The annoying beep of his phone let him dismiss any self-reflection. It was Vance, terse and hiding annoyance. "Gibbs, my office, now."
He didn't bother answering, just cut the call, and pocketed the phone.
"Keep working," he snapped at the team. "I want answers when I'm back."
"Sir, yes sir," Torres replied sarcastically. Gibbs gritted his teeth. He'd recruited Torres to fill the hole in the team Tony left. Someone cocky and experienced with more than a computer screen, who could handle undercover if necessary, but Torres wasn't the investigator Tony had been, and most irritating of all Gibbs had to reign himself in with him. Torres wouldn't tolerate the treatment that Tony, who craved even borderline abusive attention, had.
Thinking about Tony led him to thinking of Tony's kid and Ziva and that feeling of betrayal that they'd broken Rule 12 so damn thoroughly they ended up choosing each other over the team. Gibbs was seething when he stepped into Vance's office.

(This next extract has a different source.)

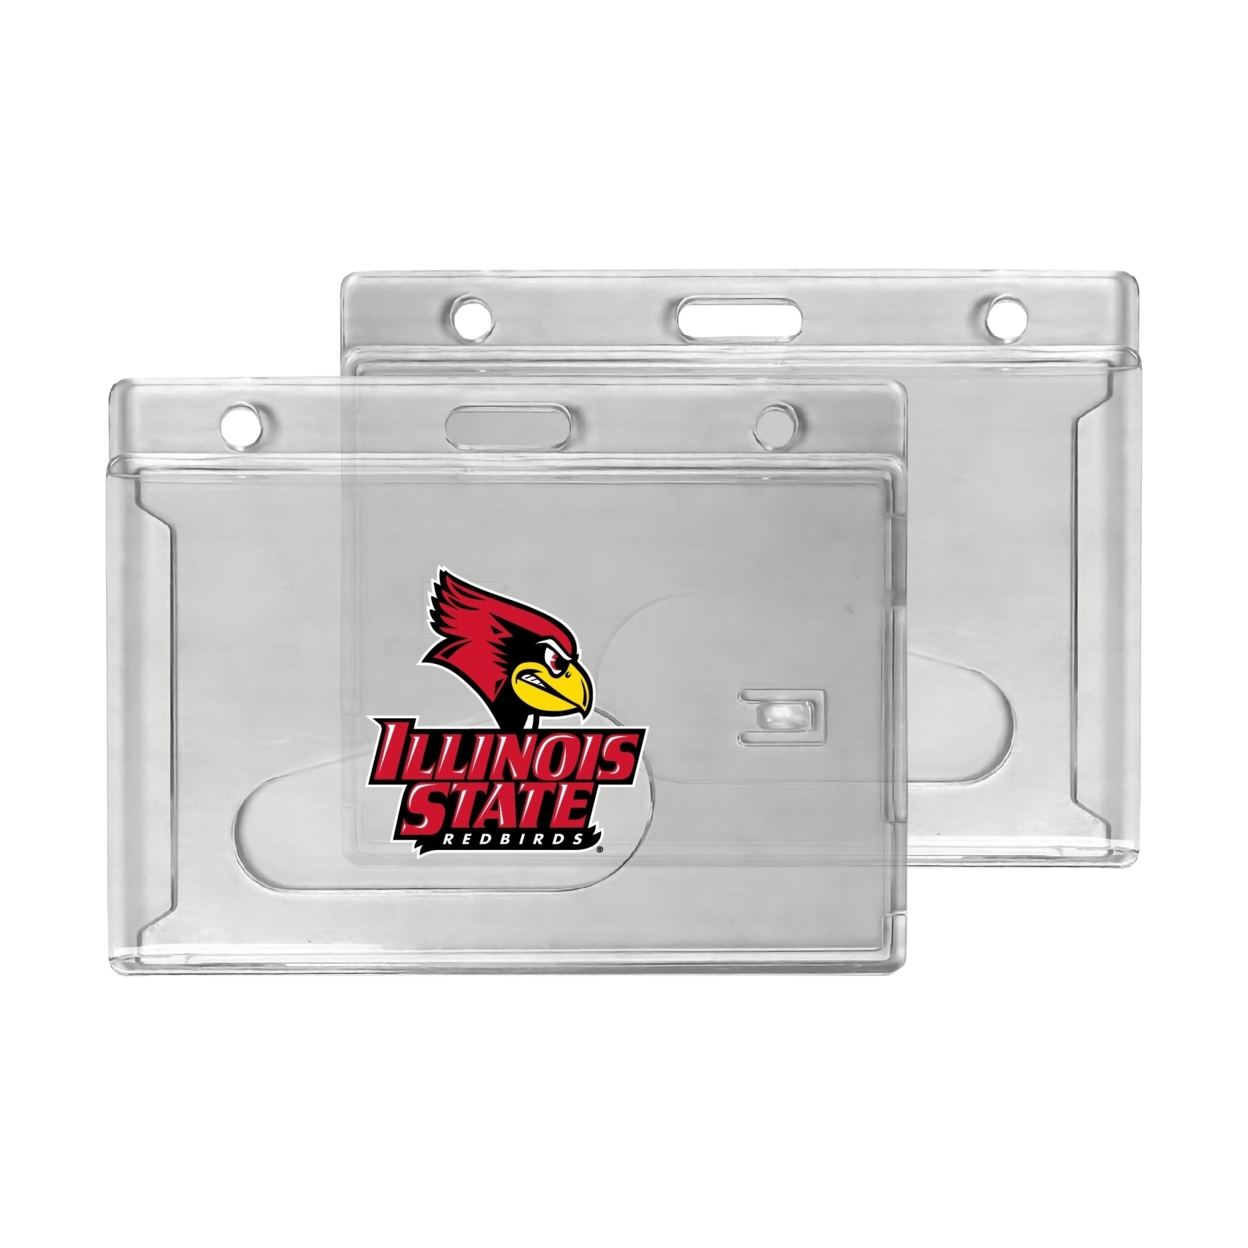 Illinois State Redbirds Clear View ID Holder

Jack had the gall to grin at him.
"Gibbs, this General O'Neill, Colonel Davis, and Major Garley. They're here about the disappearance of Colonel Young when Commander Reinhart was killed."
"Sorry about Reinhart."
O'Neill even meant it. He didn't flinch at necessary sacrifice but unless the general's stars had changed him, he'd never wasted lives. Don't waste good. They'd both learned at their tyotia's knee, back when they served in the court of smoke and mirrors. Gibbs had made it one of his rules.

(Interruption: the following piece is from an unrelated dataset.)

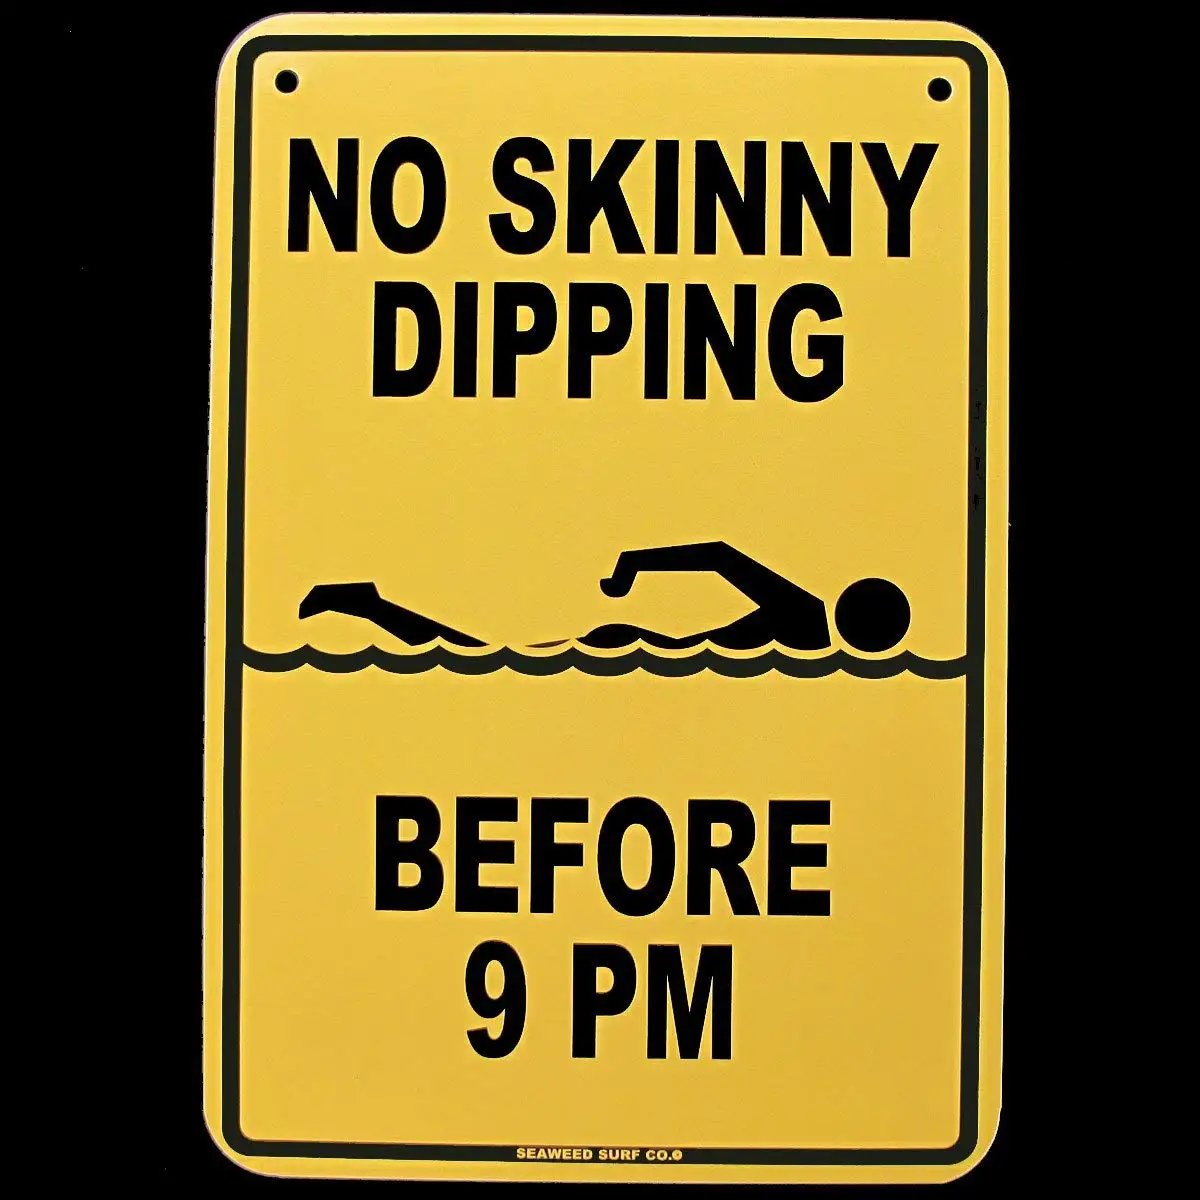 Buy Skinny Dipping Is Highly Encouraged In This Hot Tub 8x12 Funny

He thought O'Neill had got out after Poland, gone back to the Air Force, though still special ops. But maybe not, or O'Neill had been drawn back after what happened to his kid and the divorce the way Gibbs had ended up working that op in Paris with Jenny after he lost Shannon and Kelly.
But Gibbs had come back investigating for NCIS and O'Neill must have plunged deeper down the rabbit hole.
"Colonel Young was about to take over a classified operation. He'd been confirmed for the position and read-in," O'Neill said. "He has a lot of high level information that an enemy could use."
"That's above your pay grade." O'Neill sounded tired, not gloating, but maybe he'd gotten better at the political game while climbing the promotional ladder. Gibbs had never been able to read him or Hetty reliably.
"So, what was he doing in Pax River?" he demanded.
"He was taking some leave before starting his new job," came the wry reply from Jack. "Visiting an old friend. Some people do stay in touch."
Gibbs ignored the gibe. Jack and he had never been friends beyond what it took to work together. They hadn't been rivals either; Hetty never let that shit fly. Jack hadn't exactly reached out to him either, but in the way of things he'd heard what happened to Jack's son and it had cut close enough that Gibbs had preferred to pretend he didn't know.
Shannon and Kelly… At least it hadn't been his own gun. If it had been, Gibbs would have eaten his afterward.
"The Air Force – " Vance began.
"And the Joint Chiefs and the President," Jack added.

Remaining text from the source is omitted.